“Will you help me?” I ask again, my voice barely above a whisper.

She’s quiet for a long moment, studying first me and then the ground intently. Finally, she lifts her gaze to mine, and something in my chest constricts at the fire I see there. “Yes,” she says. “I’ll help you overthrow your prince.”

“Thank—”

“But,” she interrupts, “only if Izzy agrees. I won’t do this without her full consent.”

Relief floods through me, followed immediately by guilt at how much her conditional acceptance means. I incline my head, frost falling from my hair. “Of course. I would expect nothing less.”

“And if she says no?”

“Then we’ll find another way.”

“Okay. Good.”

Her words should bring only triumph. I’ve won her agreement, if only conditionally—the first crucial step in my plans. Instead, the relief flooding through me is tinged with a guilt so sharp it steals my breath.

“Lara,” I breathe, and for a heartbeat I consider telling her everything. About the crown. About her true heritage. About what the spell will require.

But then she shivers, and I realize how cold the maze has grown. Ice coats every surface, our breath clouding between us. Even her Icecaix blood can’t completely protect her from this level of cold.

I step back, letting my hands fall away from her. The loss of contact feels like tearing open a wound.

“We should return to the manor,” I say, my voice rougher than intended. “You’re freezing.”

“I’m fine.” But her arms wrap around herself, and I have to clench my fists against the urge to pull her close again, to warm her with my body even as my magic continues to leak cold into the air around us.

The ice maze shimmers around us, its walls catching and reflecting the light like the facets of a diamond. Like the fractured pieces of my own heart, trying to find a way to reconcile duty with desire.

Every surface shows us reflected back infinitely—the duke and his captive, the monster and his prey, the liar and the deceived.

I’ve gotten what I came for. Lara’s agreement to help.

The first step toward saving my world.

So why does victory taste so bitter on my tongue? Why does each beat of my heart feel like it’s pumping poison through my veins?

“Come,” I say, gesturing for her to precede me back through the maze. “Before you freeze entirely.”

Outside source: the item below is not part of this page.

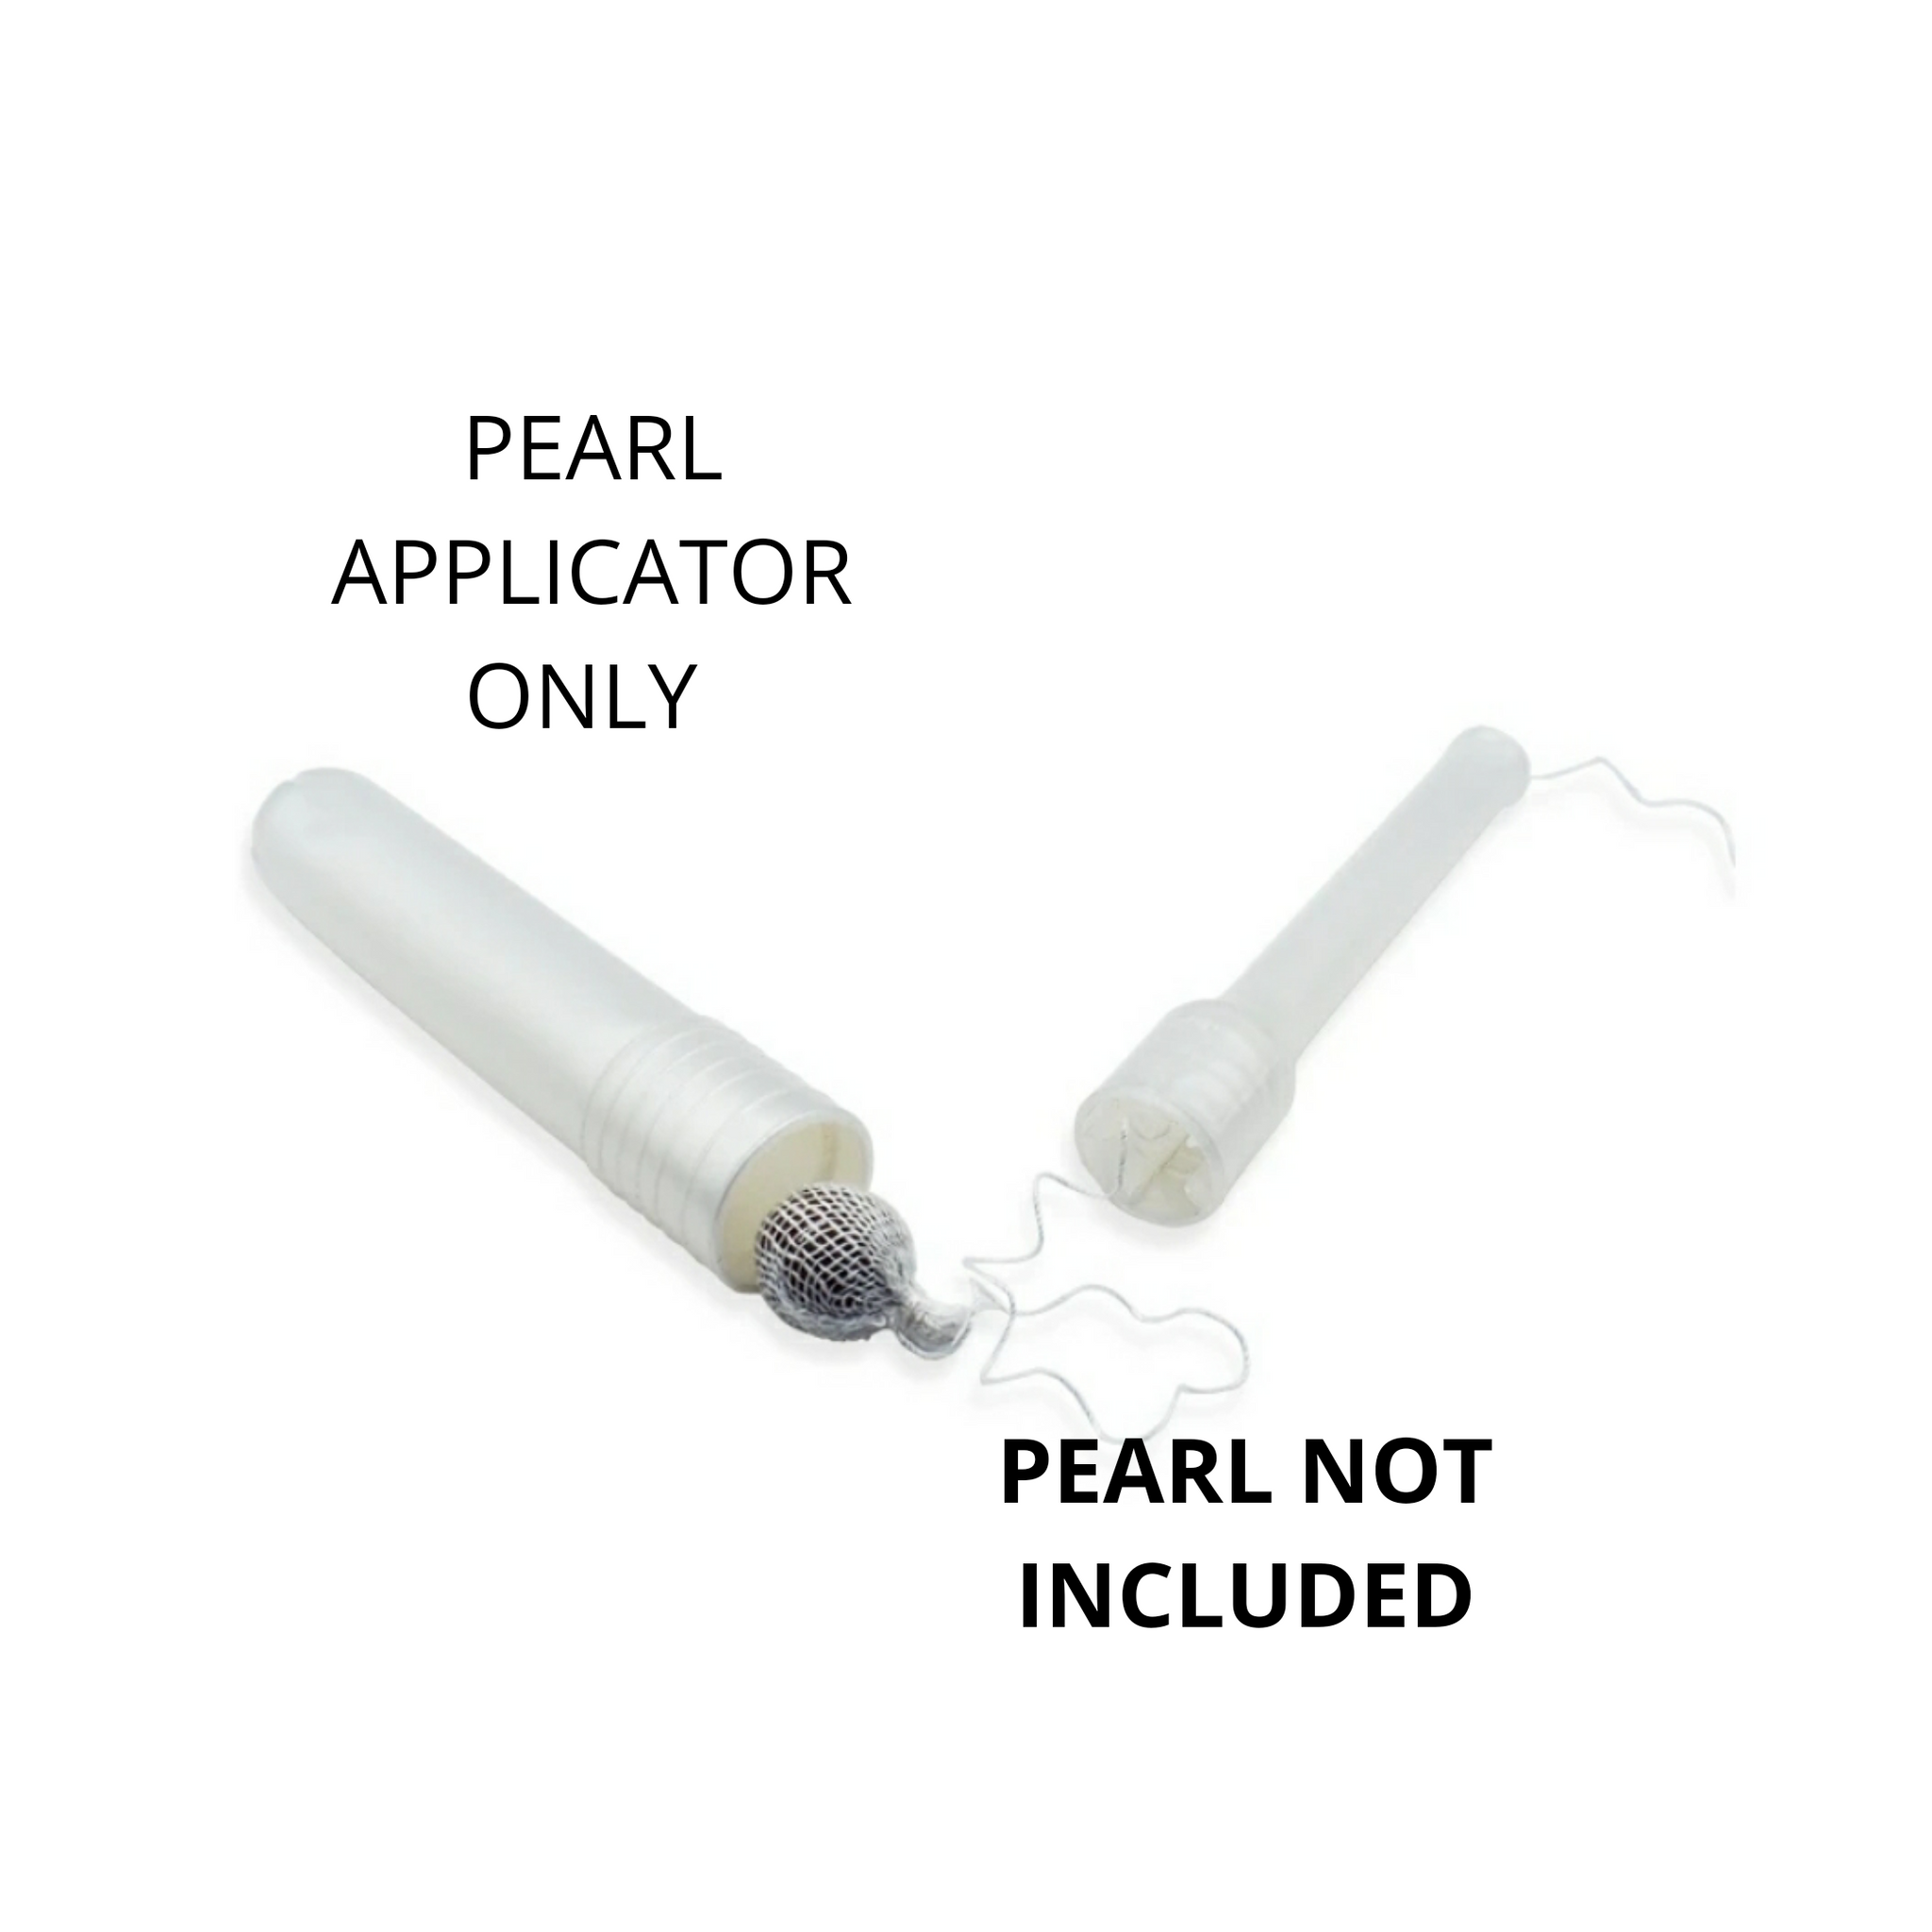 Pearl Applicator
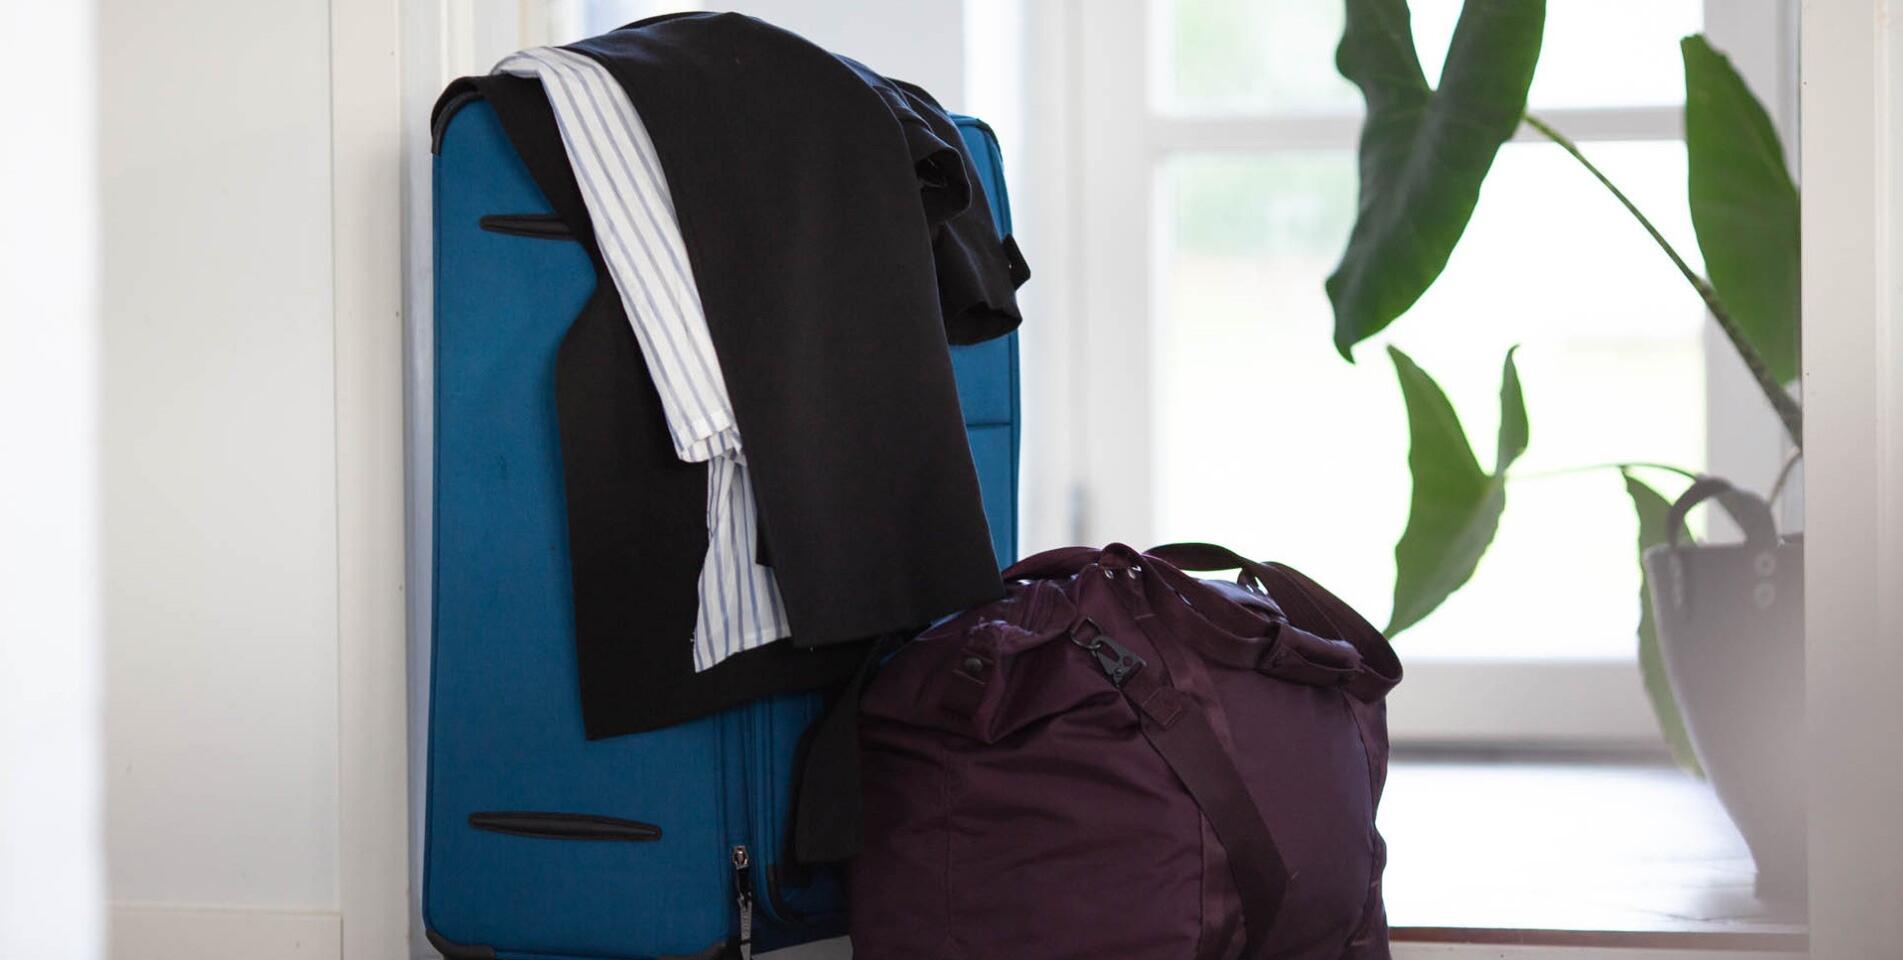 Kuffert og taske klar til ferie

She gives me a look I can’t quite interpret before starting down the path. I follow a step behind, watching how the remaining golden sparks from her magic dance in her wake, melting tiny spots in the frost I’ve left everywhere.

Fire and ice.

Life and death.

Truth and lies.

How many more paradoxes can I hold within myself before they tear me apart?

Ultimately, I decide, it doesn’t matter.

Let them rip me to shreds—as long as I can find a way to save her from the destiny heading toward us in a collision course I charted the moment I bought her.

CHAPTER 34

LARA

The walk back to Starfrost Manor feels endless, my legs shaky from everything that’s happened.